A colourful character, born in 1928, Pagano had a criminal record dating back to 1946. A friend and associate of Joseph Valachi, the first member to inform on the Mafia, Pagano had been inducted in the Genovese family in 1954. He was a major earner involved in drugs, loan-sharking, gambling and the control of legitimate businesses. His connection to the famous New York Copacabana Club and other such places was probably the way the twins initially connected to him.

They also met up and worked with Frank "Punchy" Illiano, who although connected to the Colombo crime family, eventually became one of the present day administration running the Genovese's.

With gambling now legalized in England, these people were looking for ways to move in and capitalise on the opportunities. One of the biggest was the running of "junkets," packaged air trips from major US eastern seaboard cities that would bring in hundreds of gamblers anxious to try out their luck in a different environment. The twins could smooth the way and provided the necessary services to make sure everything was well oiled.

On April 15th 1965, a raid took place on The Royal Bank of Canada in Montreal.
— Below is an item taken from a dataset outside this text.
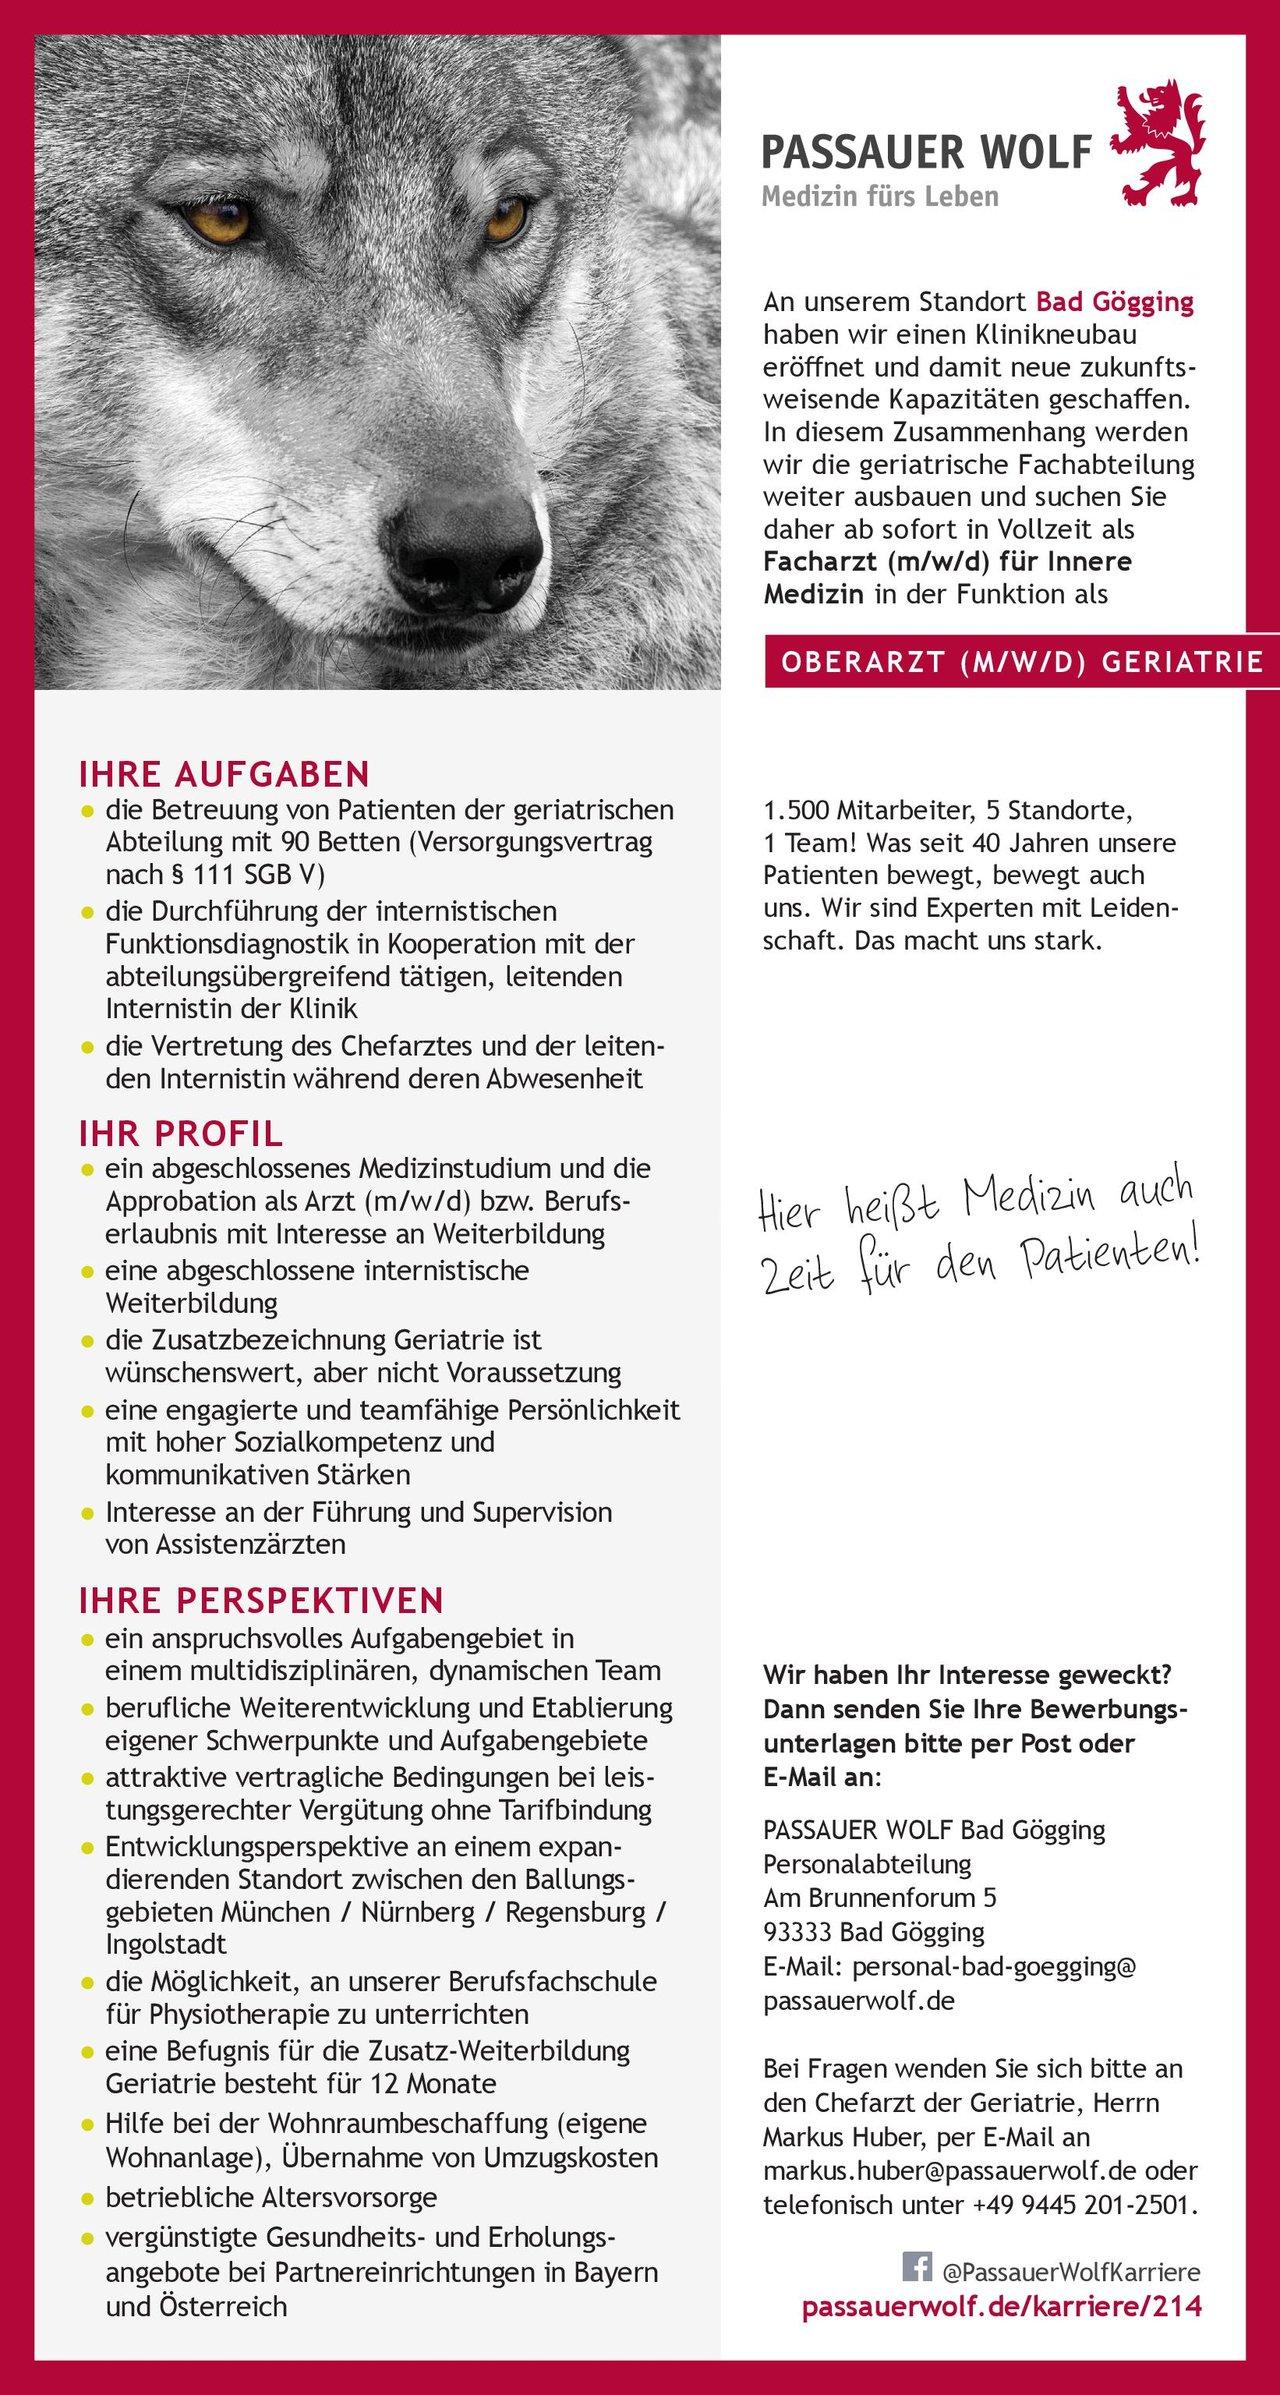 Passauer Wolf Bad Gögging Oberarzt (m/w/d) Geriatrie Geriatrie Oberarzt
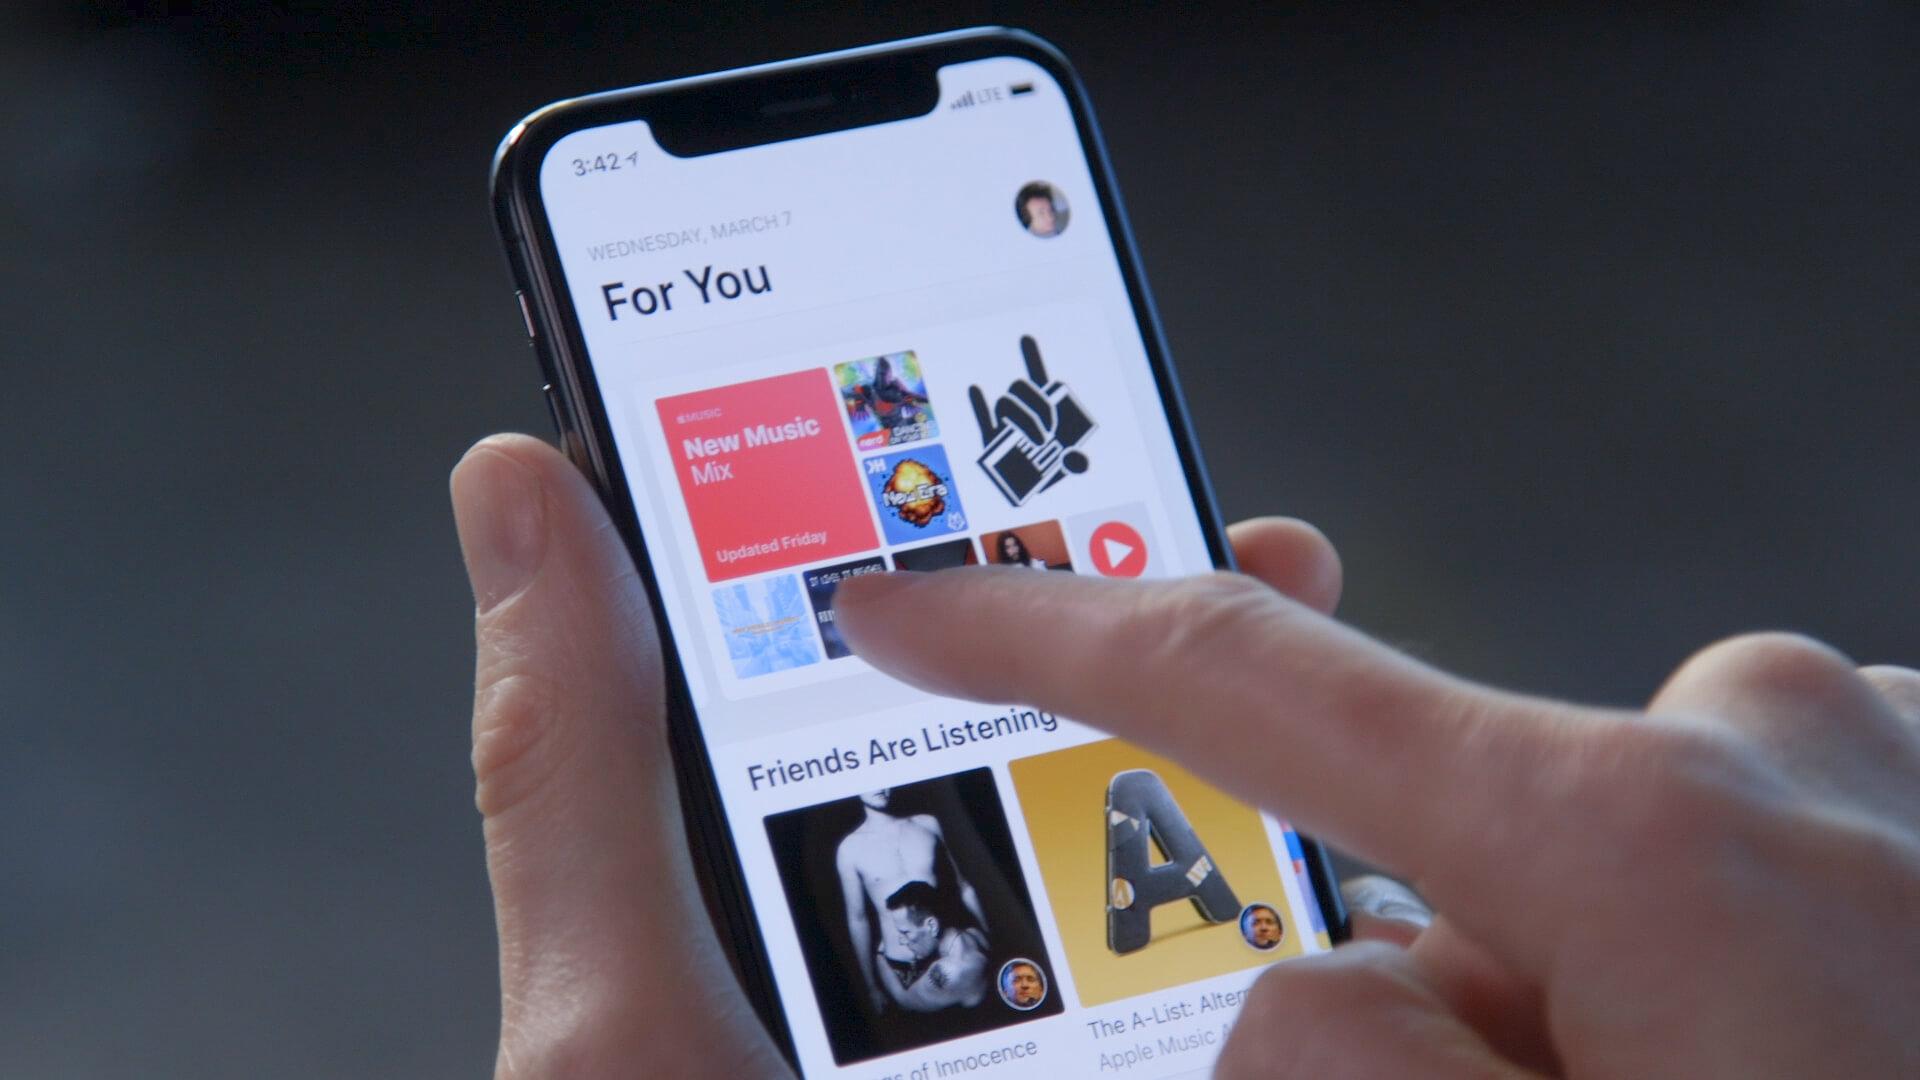 В Apple Music появилась возможность дарить один месяц бесплатной подписки

Another occurred in May on a bank in Ontario. Hundreds of thousands of dollars of negotiable bonds were stolen.

Through their contacts in the American Mafia, the twins were offered a share of these, heavily discounted of course. In July, Payne flew to Montreal and purchased a part of this stolen shipment at a price 25% of their face value. The twins disposed of them in England, and began a lucrative traffic in these instruments, which in due course brought them into contact with Alan B. Cooper.

A thirty-six-year-old American businessman with interests in insurance and a private bank located off Wigmore Street, Marylebone, in the West End, he was a mystery man. He had rumoured links to gold smuggling rings in the Far East, arms dealing of a dubious nature and possible ties to American and British security agencies. The twins needed him to facilitate the registration of a particularly large batch of stolen Canadian government bonds. He agreed to help them if they would agree to be his ally. He was being strong-armed by a couple of gangsters from South London, and wanted Reggie and Ronnie to act as a buffer. They agreed.

The villains from south of the River Thames were Charlie and Eddie Richardson. The twins had first met up with them twelve years earlier, when they were all doing prison time in Shepton Mallett military prison in Somerset.

Cooper had many contacts in Europe, centred around Amsterdam, Zurich, Brussels and Geneva. Through them, he could offer the twins access into an international underworld. The brothers welcomed him with open arms.

Later in the year, Reggie's wife, Frances, started developing symptoms of a nervous breakdown, and started visiting the same Harley Street specialist, Dr Julius Silverstone, who looked after Ronnie. Perhaps she recognised the irony in the fact that this doctor was treating both her and the man she had come to loath above all others. It was hardly surprising she needed this attention. Her relationship with her husband had gone from the sublime to the ridiculous. Her marriage was now in a shambles and was having a pernicious effect on her mental health.

Most evenings, Reggie would return to his apartment, change into a fresh shirt and suit, and then drive to the home of the Sheas in Ormsby Street. They would not allow him into the house, and so he stood outside on the pavement, and talked to her as she leaned out of the second story bedroom window. Often, like some poignant and displaced Romeo and Juliet, these two poor, disjointed souls would spend the evening in conversation, semaphoring their anguish across an endless space of frustration and despair. By the end of October, she decided she wanted to annul the marriage, but although she discussed this, often, with her mother, she never got around to doing anything about it.